Possible UPS strike

25% of US small parcels are moved by UPS. The principal point of contention appears to be the pay and workload for part-time employees.

It also appears that the Teamsters really are itching to strike, last time they went out was 1997. They are also having a go at Yellow Freight which is teetering on bankruptcy.
 
I think it will go thru. Really I was a bit surprised the trucks have no AC. I see those guys running to the door to meet schedules and have no AC when they get back to the truck. And today it was only 105 in the shade in TX. And phoenix I hear is even worse. Good to see they are getting AC in new trucks as part of the agreement.
 
I think it will go thru. Really I was a bit surprised the trucks have no AC. I see those guys running to the door to meet schedules and have no AC when they get back to the truck. And today it was only 105 in the shade in TX. And phoenix I hear is even worse. Good to see they are getting AC in new trucks as part of the agreement.
Not only are they lacking A/C but the roof in the back is translucent which seems like it would make it even hotter.
Back when we used to ship out a lot we put a fan on top of a shelf where the driver backed up to our rollup door to blow A/C on him while we helped him load.
They also don't (at least then) have power steering in the trucks either.
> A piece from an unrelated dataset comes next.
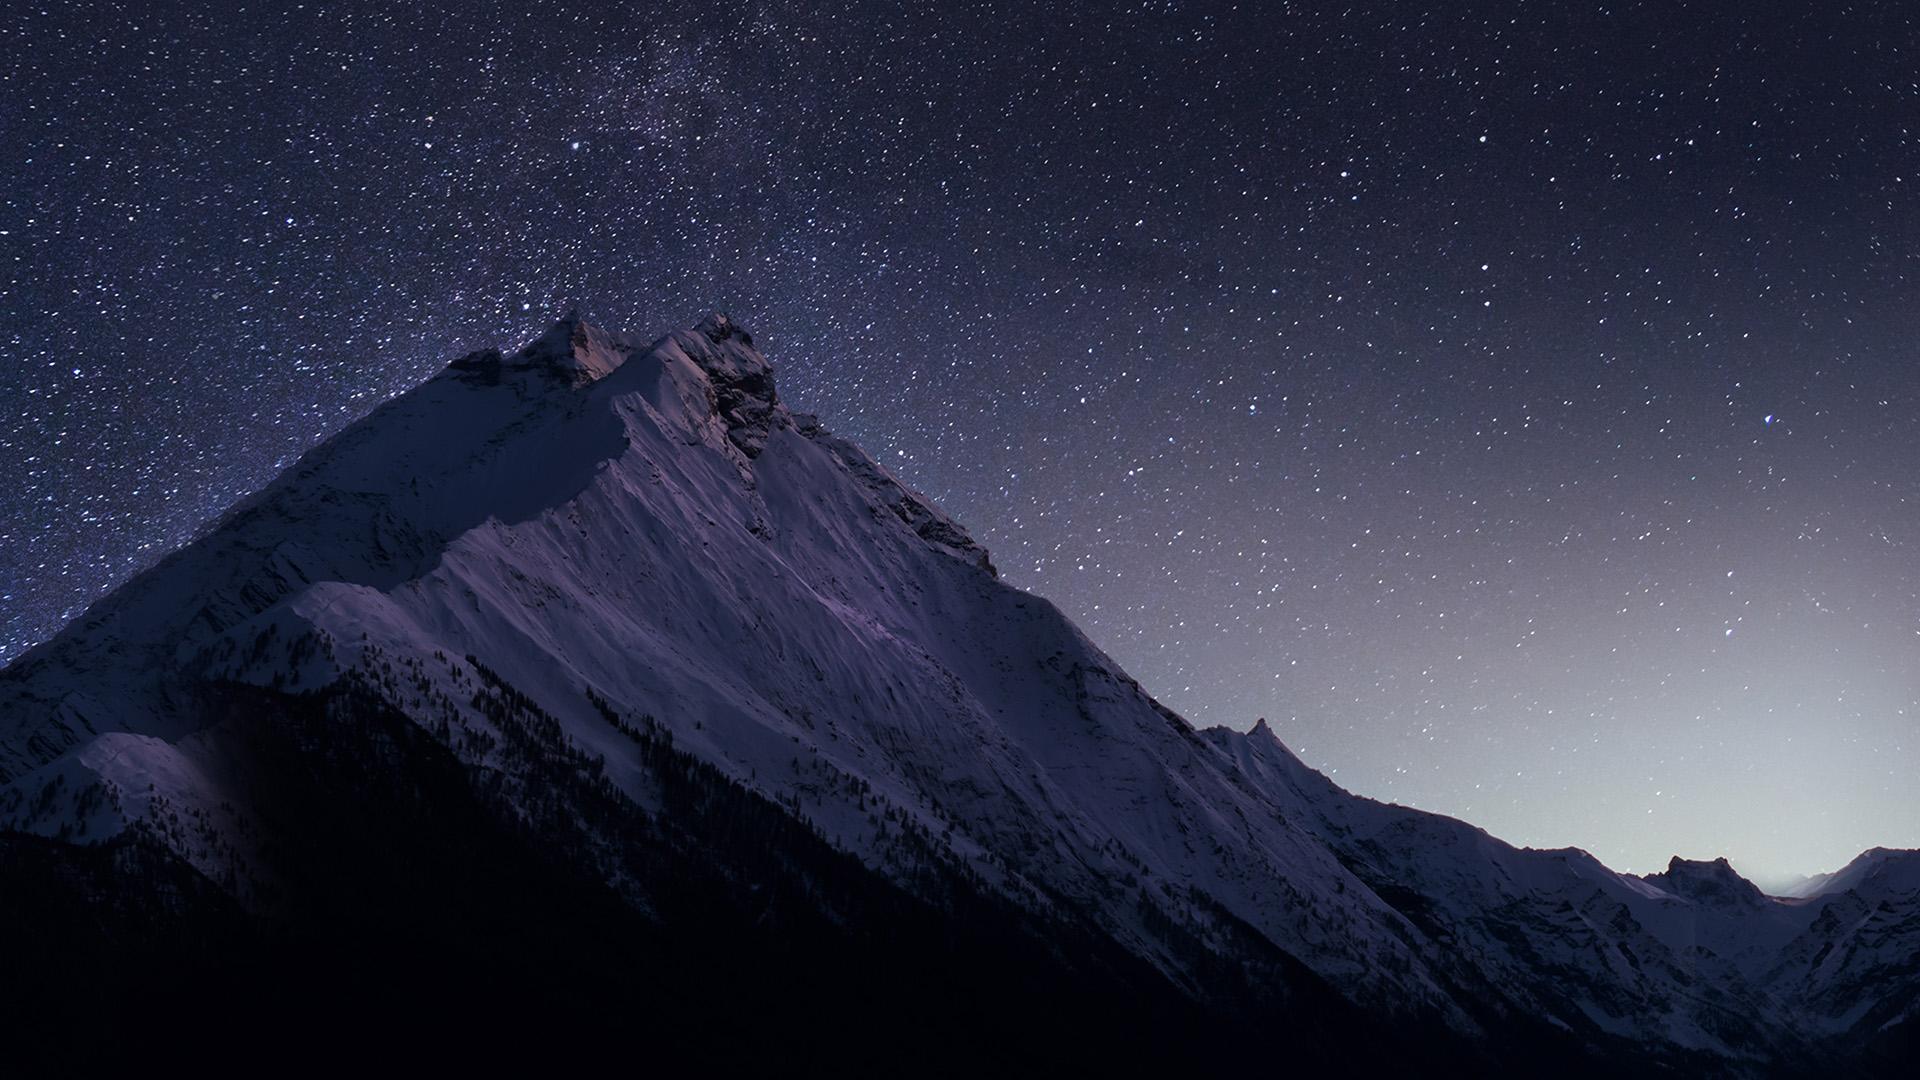 2560 x 1600 - Night mountain wallpaper 4k ...

They have great retirement but by then their bodies are often shot.
UPS drivers used to be some of the happiest workers to deal with but when they started delivering holiday amounts of packages year round you could see it wearing on them.
 
Strike averted:

The offer that the Teamsters agreed to this week includes large, rapid wage gains. Part-time workers, who make up more than half of the UPS workforce, will get their pay raised immediately to a minimum of $21 an hour, the union says. That’s a huge jump from the current $15.50 minimum, which UPS had previously offered to raise to $20 by 2025—and it adds up to about 7% a year over five years. Tenured drivers will get a bump too, up to an average top rate of $49 an hour from $42 today, or about 3.4% a year over five years.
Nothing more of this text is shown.